ルイ14世を魅了したエンドウマメの歴史

シワから遺伝の法則を発見

 トマス・ナイトは園芸家兼植物学者で、ロンドン園芸協会の会長を務めていた。またたいそうなお金持ちでもあり、ヘレフォードシャーのダウントン城の他、4000ヘクタールの土地を所有していた。ナイトはシワのある豆を交配して「マローファット」と呼ばれるシワのある品種群を生み出した。1787年にはすでに、「ナイトのシワのあるマロー豆」は英米の菜園を席巻していた。米国第3代大統領トマス・ジェファーソンは、屋敷の庭にこの豆を年に2回植え、スープに入れて食すのを好んだ。

 シワができる原因が判明したのはそれから長い年月が過ぎた1990年代、分子生物学者がエンドウマメの調査に着手してからのことだ。エンドウマメは熟すにつれて、体内にある糖をデンプンに変化させる。この変化をうながすのがSBE1と呼ばれるデンプン分枝酵素だ。シワのある豆は、この酵素に欠陥があるせいで糖がそのままの状態で残される。糖分の多い豆は成長の過程で通常よりも水分を多く蓄積するが、乾燥する際にもより多くの水分を失い、その結果、空気の抜けた風船のようにシワシワになる。

 ナイトはシワの入った豆で数多くの実験を行った。シワの品種をシワのない品種と掛け合わせ、さらには背の高さ(高いか低いか)、花の色(白か紫か)、種子の色(緑か黄色か)など、豆のさまざまな特徴についても研究を続けた。ナイトはそうしてできた豆の数を丹念に数え、結果を記録し、何冊ものノートをデータで埋め尽くし、さらには観察結果を詳述した学術論文まで発表した。しかしナイトが到達できたのはそこまでであった。
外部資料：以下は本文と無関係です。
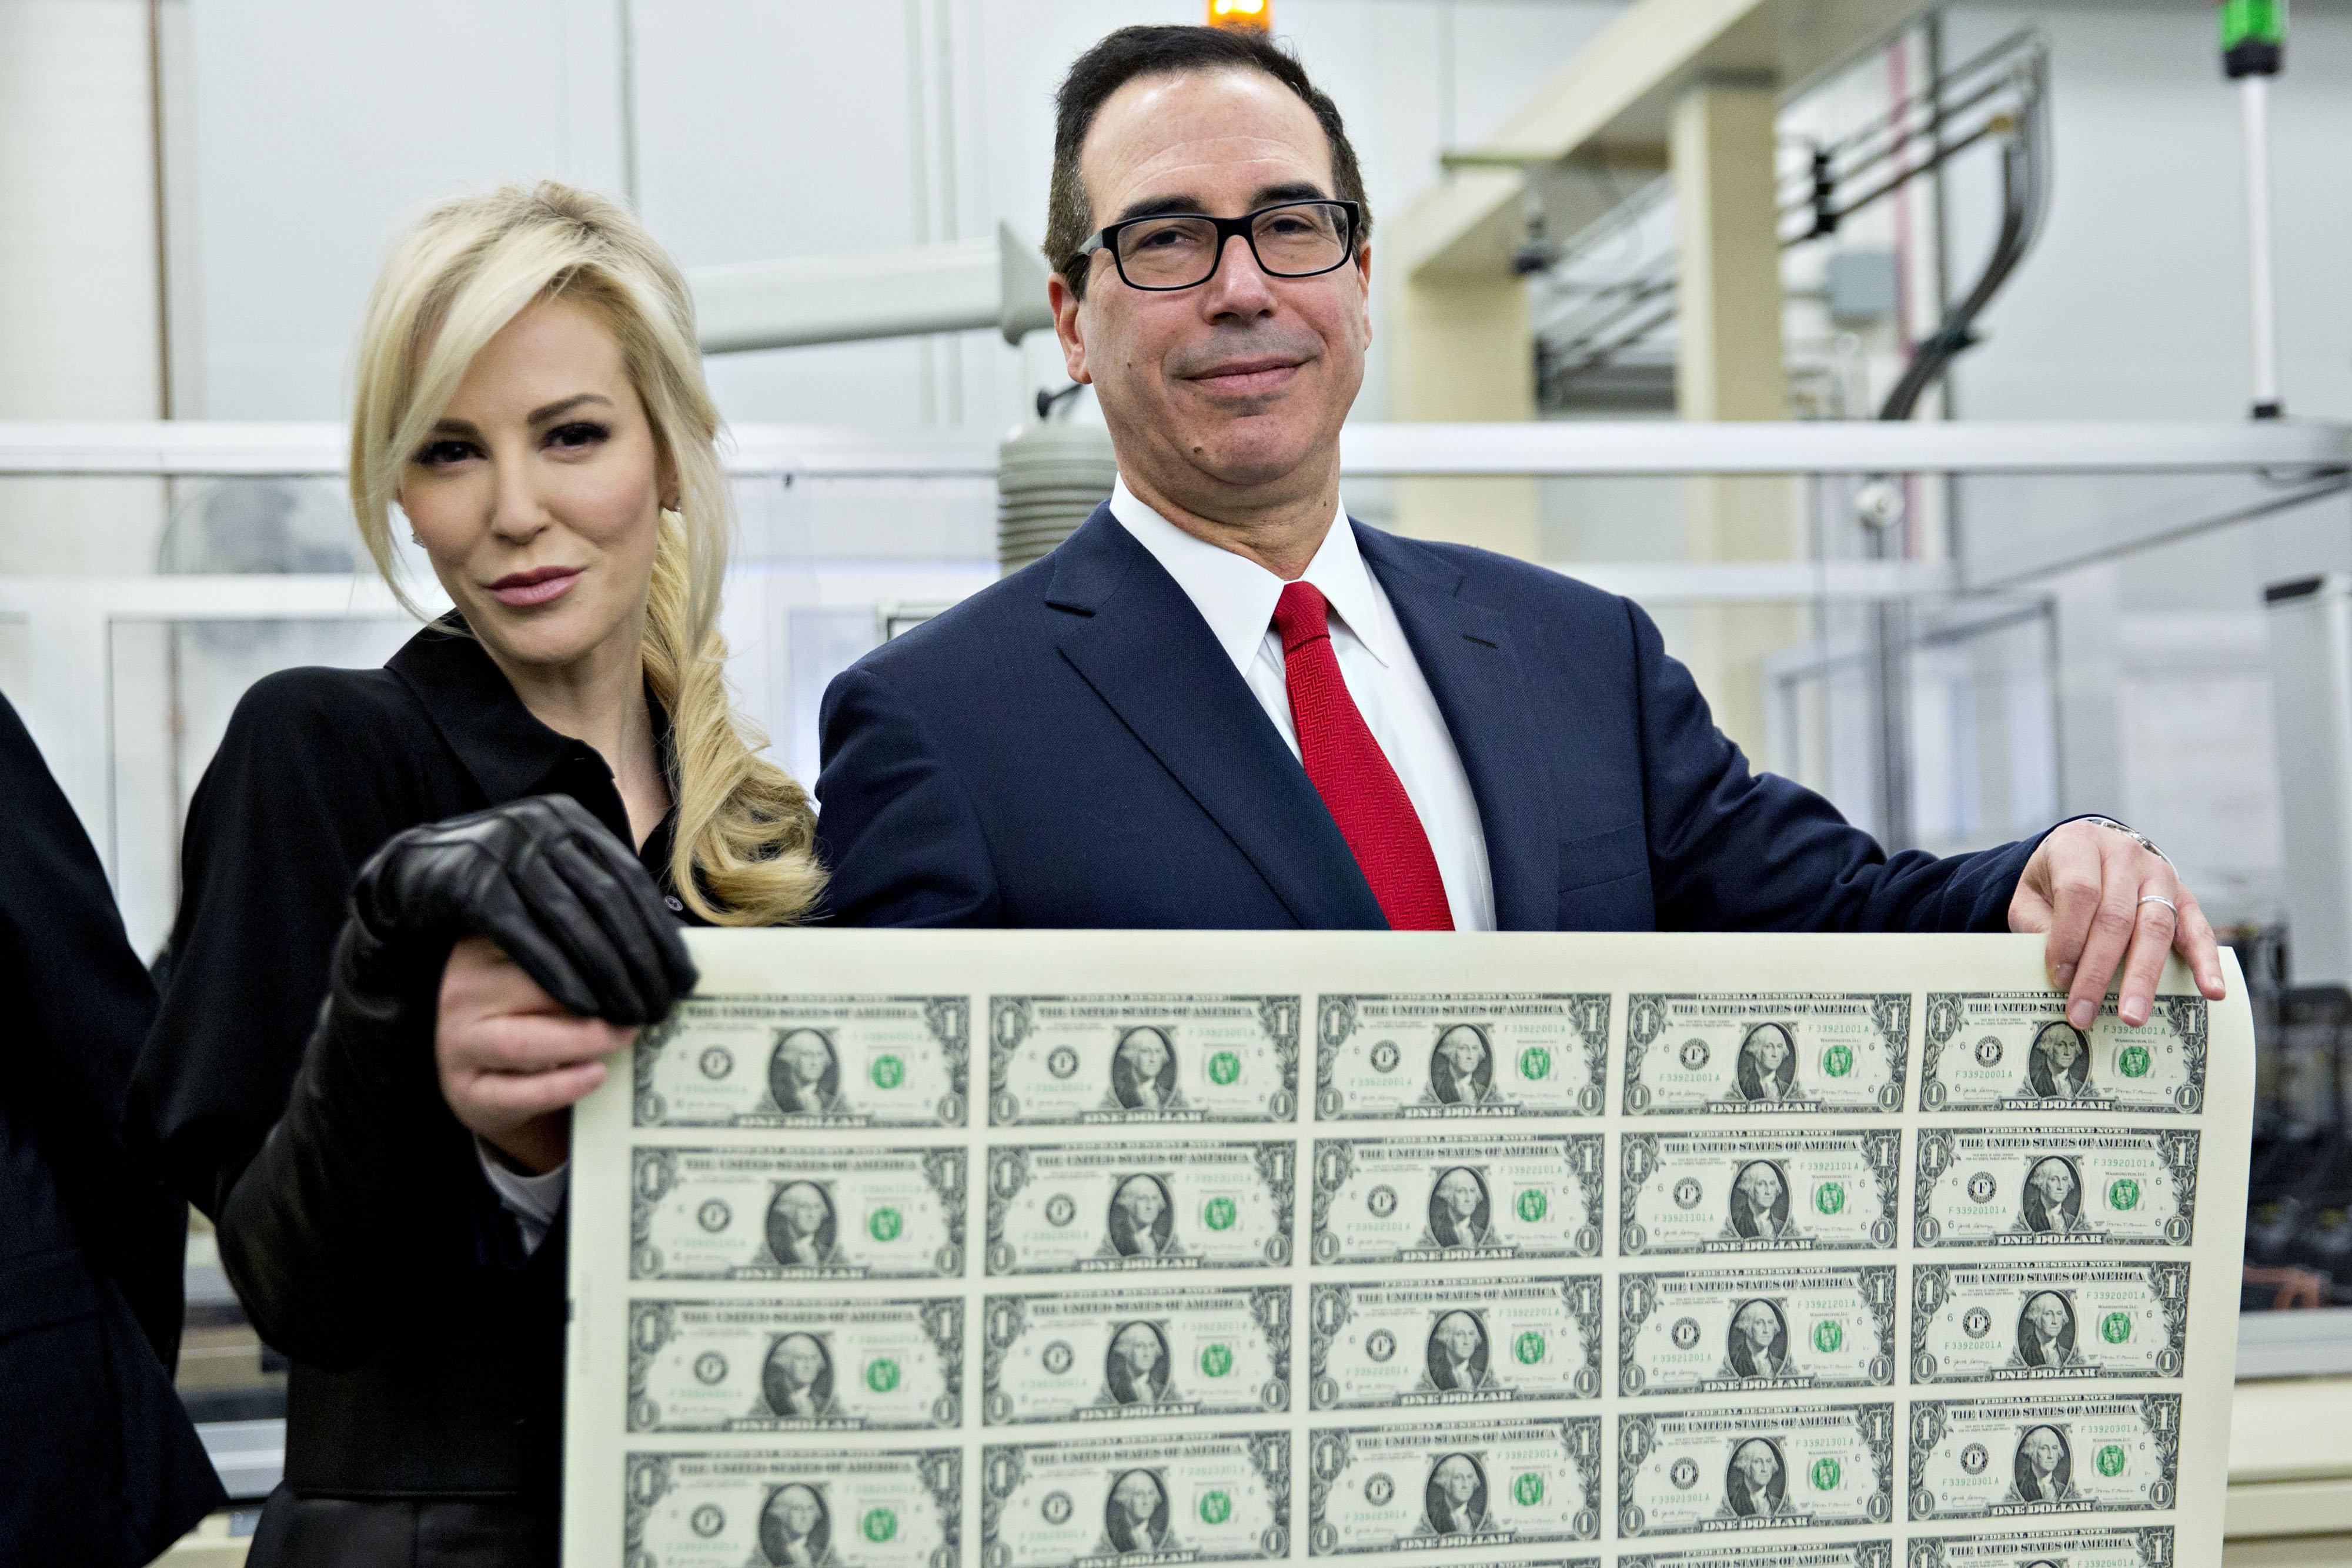 5a0d4de41800003300f6c75d?cache=ruahiochkk&ops=1910_1000 donald trump's 'bond villains' posing with cash is your new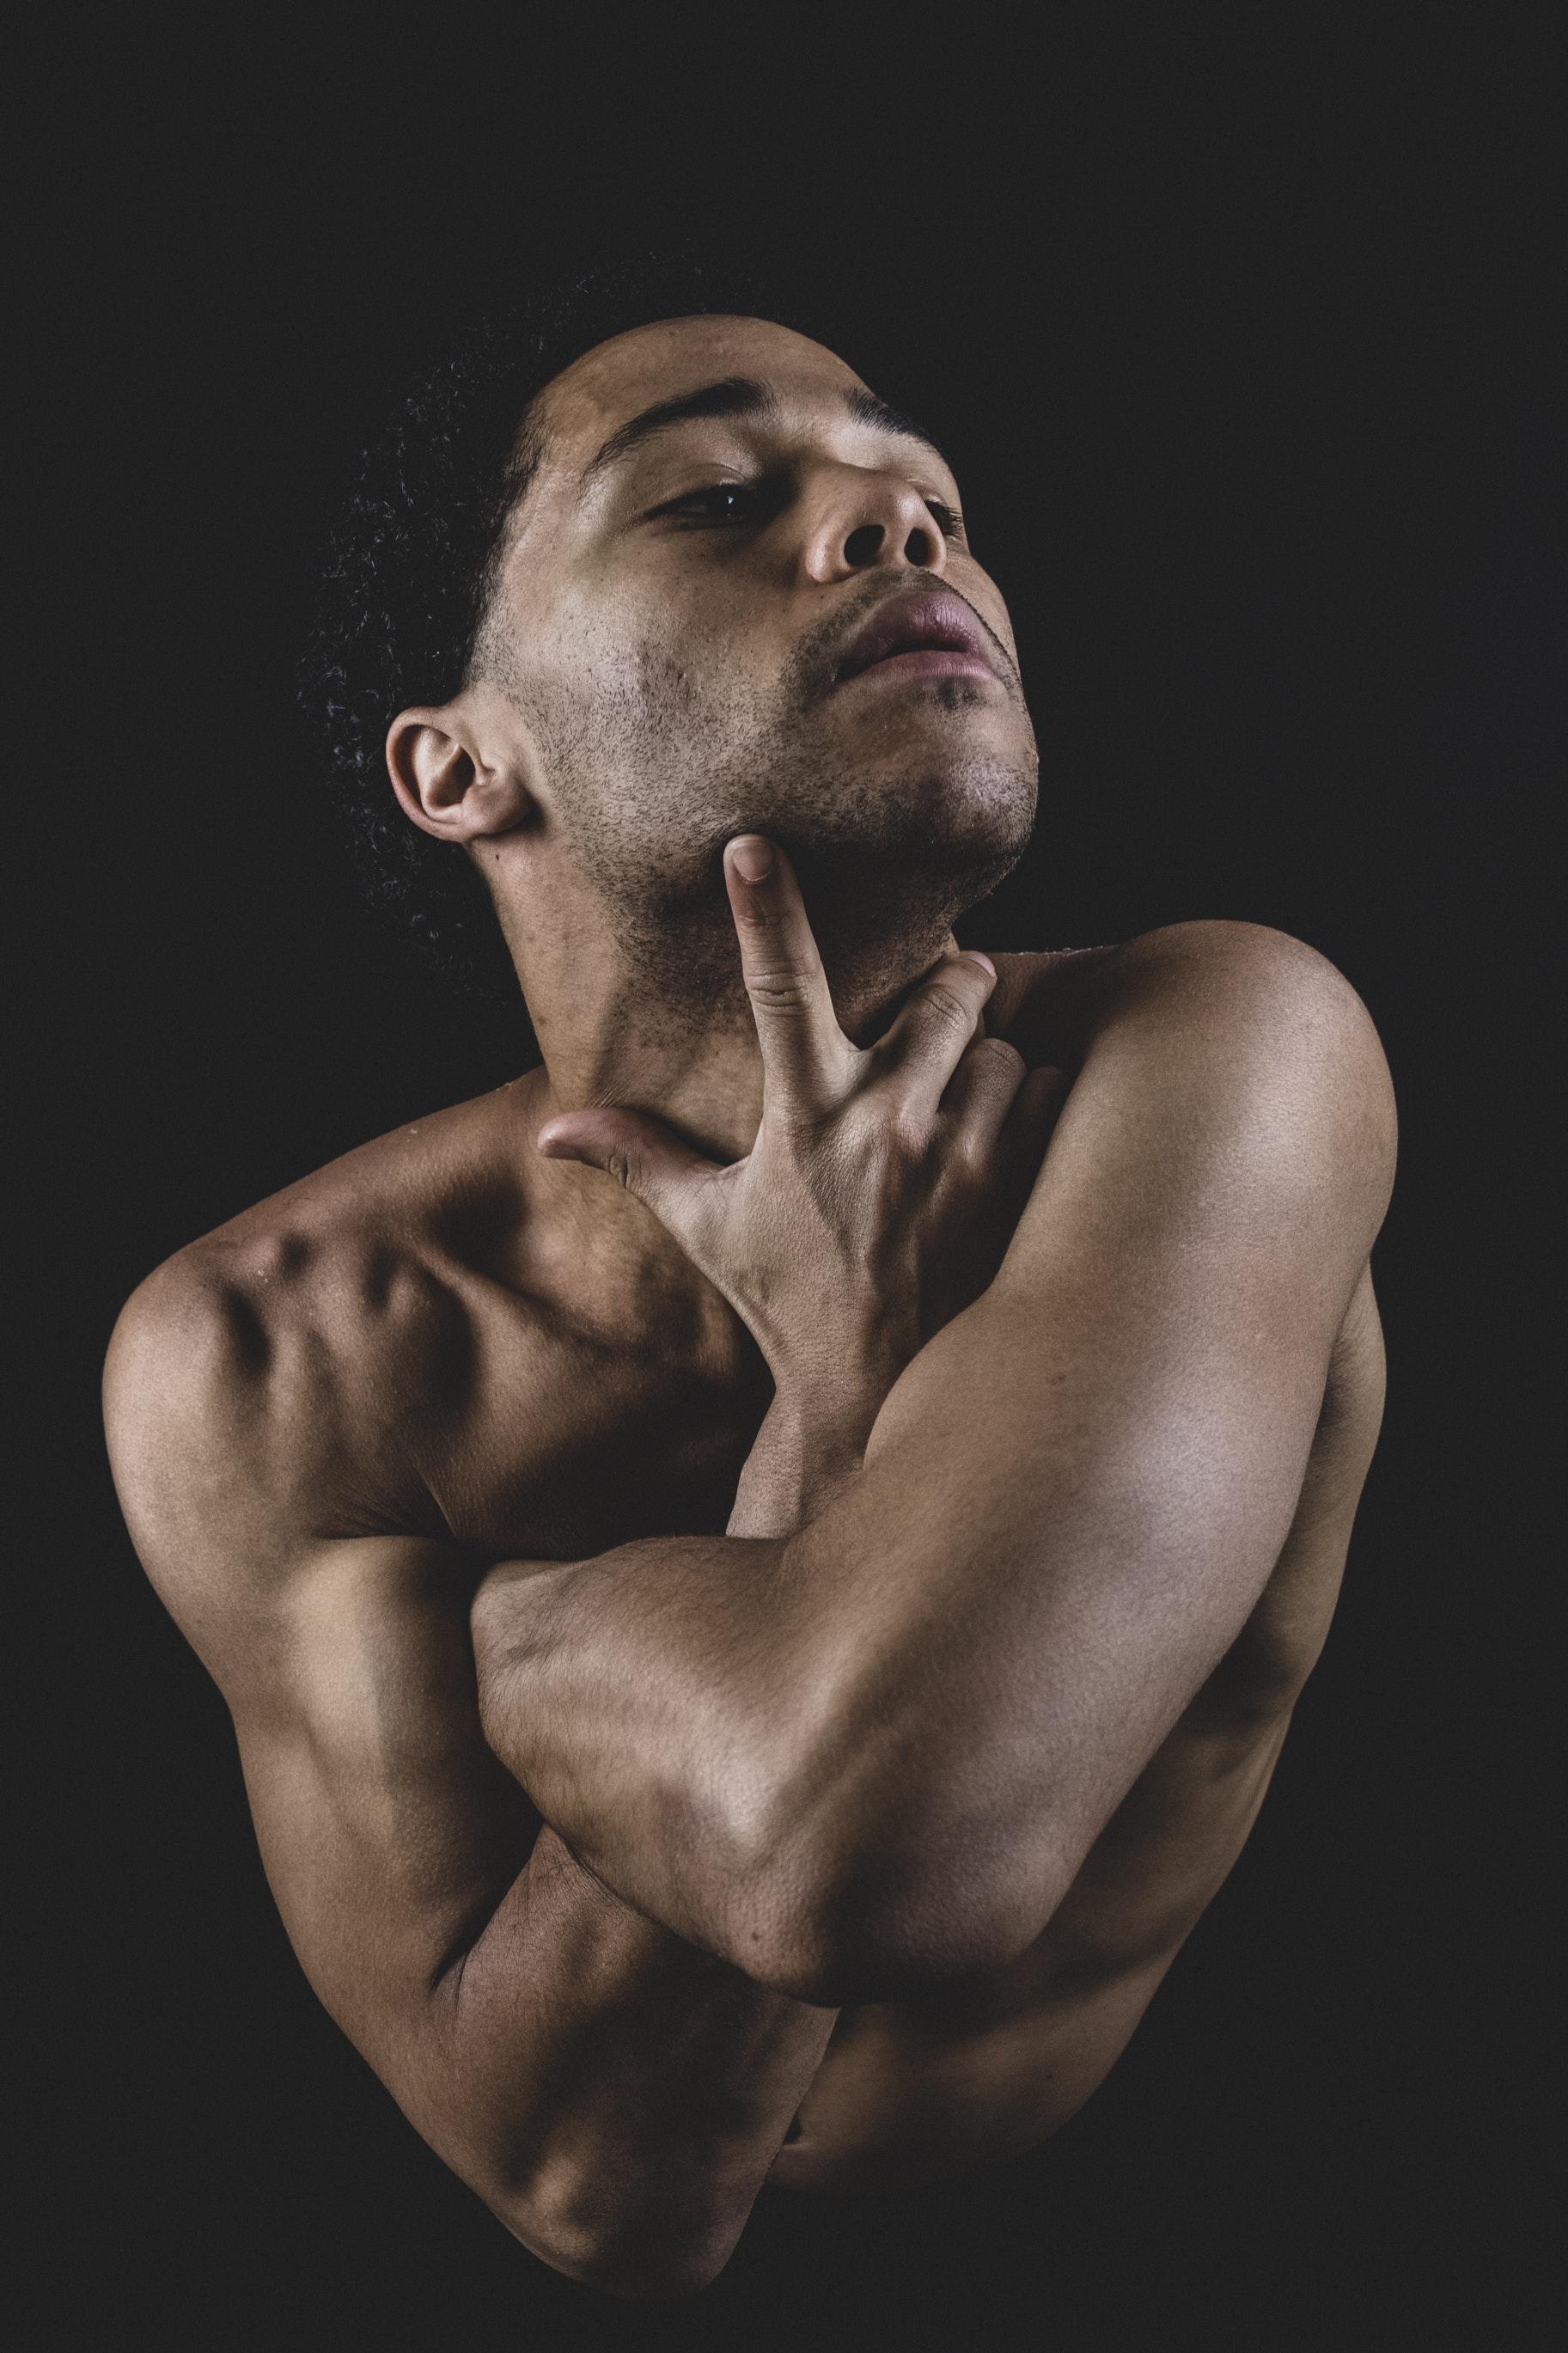 abs-biceps-black-background-1922039.jpg

Photograph by Bob Gaffney, Creative Commons 2.0

 それから約50年が過ぎた頃、オーストリアにある聖トマス修道院の司祭グレゴール・メンデルが、以前から続けていたネズミの研究をやめるよう司教に言われたことから、次は庭でエンドウマメの研究をしようと思い立つ。メンデルはナイトと同様の交配実験を数多く行ったが、彼がナイトと違った点は、その実験結果のなかに特定のパターンやその原因の仮説を見出すに至ったことであった。

 8年という歳月をかけて、メンデルは2万9000株のエンドウを育て、その結果を踏まえてあのメンデルの法則を確立、近代的な遺伝学への扉を開いた。